I told him to take a flying something.
Maybe I didn’t know the law, but I knew Forty-A. In certain circles it’s known simply as Fucker-Forty. Under it—the state’s own legislation—he’d be able to sue the county and this V.R. advocate in particular for loss of livelihood—his and hers—and probably win after appeals.
This was the last thing Antalou or any of us needed.
The guy was still smiling.
“You’ve kept that face for a reason, Doctor. What do young girls think of it?”
I hung up on him.
* * *
With Antalou’s help I got her into the Huntington on Normandy, a maternal unit for sedated Ward B types. Some of the other women had seen her on the news two evenings before; some hadn’t. It didn’t matter, I thought. It was about as good a place for her to hide as possible, I told myself. I was wrong. Everything’s on computer these days, and some information’s as cheap as a needle.
I get a call the next morning from the unit saying a man had gotten in and tried to kill her, and she was gone.
* * *
I’m thinking of the ones I’ve lost, Lissy. The tenth-generation maggot casings on the one in Koreatown, the door locked for days. The one named Consejo, the one I went with to the morgue, where they cut up babies, looking for hers. The skinny one I thought I’d saved, the way I was supposed to, but he’s lying in a pool of O-positive in a room covered with the beautiful pink dust they used for prints.
Or the ones when I was a kid, East L.A., Fontana, the drugs taking them like some big machine, the snipings that always killed the ones that had nothing to do with it—the chubby ones, the ones who liked to read—the man who took Karenna and wasn’t gentle, the uncle who killed his own nephews and blamed it on coyotes, which weren’t there anymore, hadn’t been for years.
I’m thinking of the ones I’ve lost, Lissy.
* * *
I looked for her all day, glad to be out of the apartment, glad to be away from a phone that might ring with a slick lawyer’s face on it.
When I went back to the apartment that night to pick up another change of clothes for the hotel room, she was sitting crosslegged by the door.
“Lissy,” I said, wondering how she’d gotten the address.
“I’m sorry,” she said.
She had her hand on her belly, holding it not out of pain but as if it were the most comforting thing in the world.
“He wants to kill me. He says that anybody who has an animal growing in her is a devil and’s got to die. He fell down the stairs. I didn’t push him, I didn’t.”
She was crying, and the only thing I could think to do was get down and put my arms around her and try not to cry myself.
“I know, I know,” I said. The symptoms were like Parkinson’s, I remembered. You tripped easily.
I wasn’t thinking clearly. I hadn’t had more than two or three hours of sleep for three nights running, and all I could think of was getting us both inside, away from the steps, the world.
* * *
Maybe it was fatigue. Or maybe something else. I should have gotten her to a hospital. I should have called Mendoza for an escort back to his unit. What I did was get her some clothes from the bedroom, keep my eyes on the rug while I was in there, and lock the door again when I came out. She didn’t ask why neither of us were going to sleep in the bedroom. She didn’t ask about the lock. She just held her belly, and smiled like some Madonna.

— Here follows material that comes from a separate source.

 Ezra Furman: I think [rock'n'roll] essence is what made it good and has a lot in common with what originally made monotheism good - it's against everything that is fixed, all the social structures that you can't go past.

I took two Dalmanes from the medicine cabinet, thinking they might be enough to get the pictures of what was in that room out of my head.

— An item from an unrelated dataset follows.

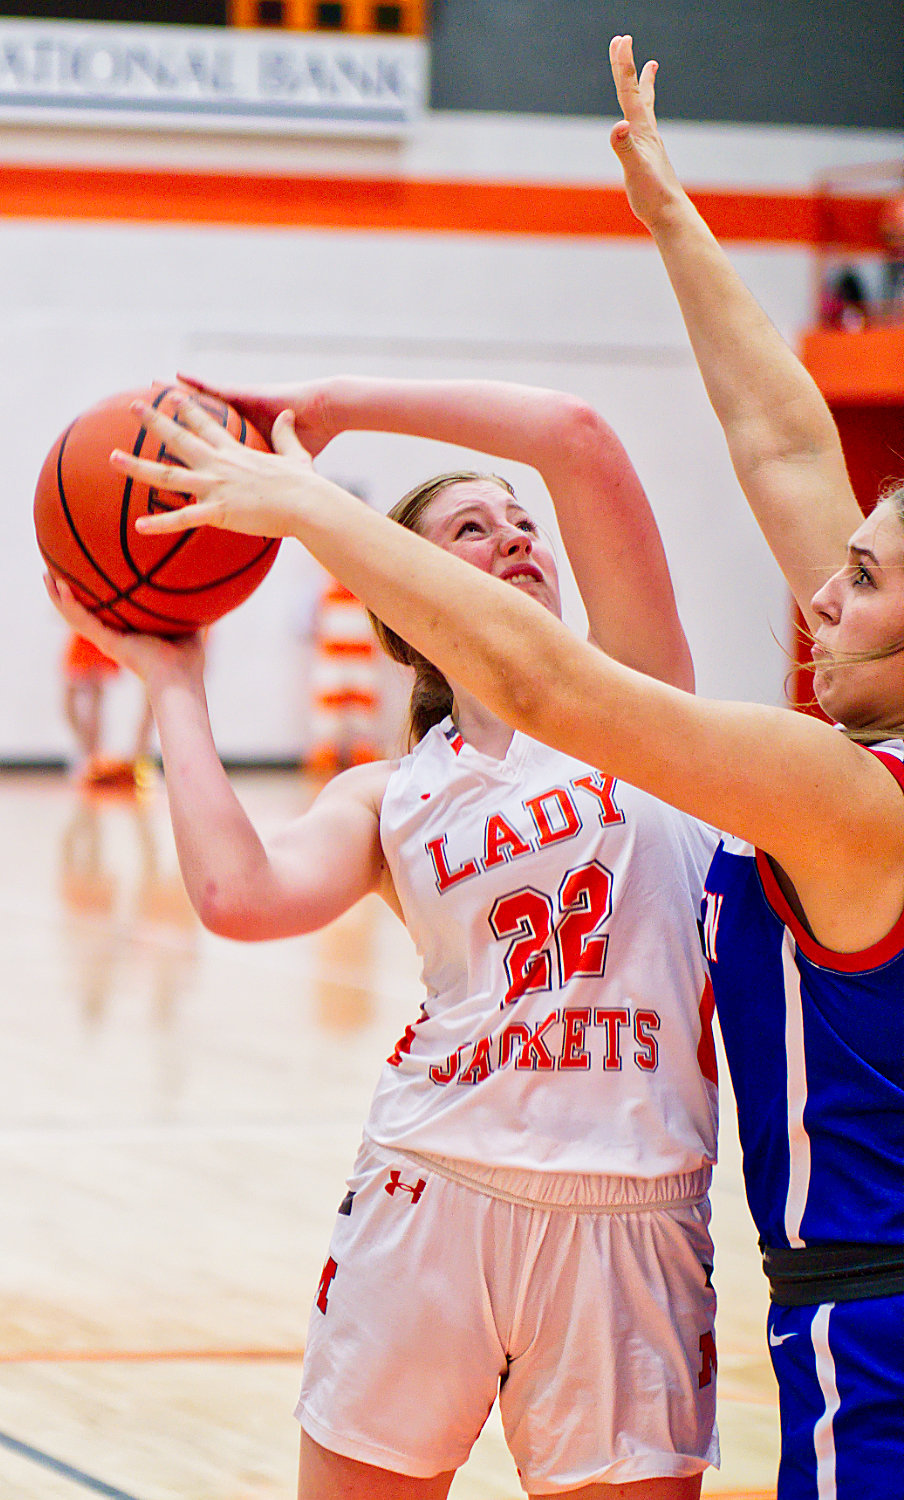 Macy Fischer puts up a shot closely contested by Annabelle Popek. [see more shots, buy basketball photos]

I don’t know whether they did or not. Lissy was beside me, her shoulder pressing against me, as I got the futon and the sofa ready.
Her stomach growled, and we laughed. I said, “Who’s growling? Who’s growling?” and we laughed again. I asked her if she was hungry and if she could eat sandwiches. She laughed again, and I got her a fresh one from the kitchen.
She took the futon, lying on her side to keep the weight off. I took the sofa because of my long legs.
I felt something beside me in the dark. She kissed me, said “Goodnight,” and I heard her nightgown whisper back into the darkness. I held it in for a while and then couldn’t anymore. It didn’t last long. Dalmane’s a knockout.
* * *
The next day I took her to the designated clinic and waited outside for her. She was happy. The big amino needle they stuck her with didn’t bother her, she said. She liked how much bigger her breasts were, she said, like a mother’s should be. She didn’t mind being careful about what she ate and drank. She even liked the strange V of hair growing on her abdomen, because—because it was hairy, she said, just like the thing inside her. She liked how she felt, and she wanted to know if I could see it, the glow, the one expectant mothers are supposed to have. I told her I could.
* * *
I’m thinking of a ten-year-old, the one that used to tag along with me on the median train every Saturday when I went in for caseloads while most mothers had their faces changed, or played, or mothered. We talked a lot back then, and I miss it. She wasn’t going to need a lot of work on that face, I knew—maybe the ears, just a little, if she was picky. She’d gotten her father’s genes. But she talked like me—like a kid from East L.A.—tough, with a smile, and I thought she was going to end up a D.A. or a showy defense type or at least an exec. That’s how stupid we get. In four years she was into molecular opiates and trillazines, and whose fault was that? The top brokers roll over two billion a year in this city alone; the local capi net a twentieth of that, their street dealers a fourth; and God knows what the guys in the labs bring home to their families.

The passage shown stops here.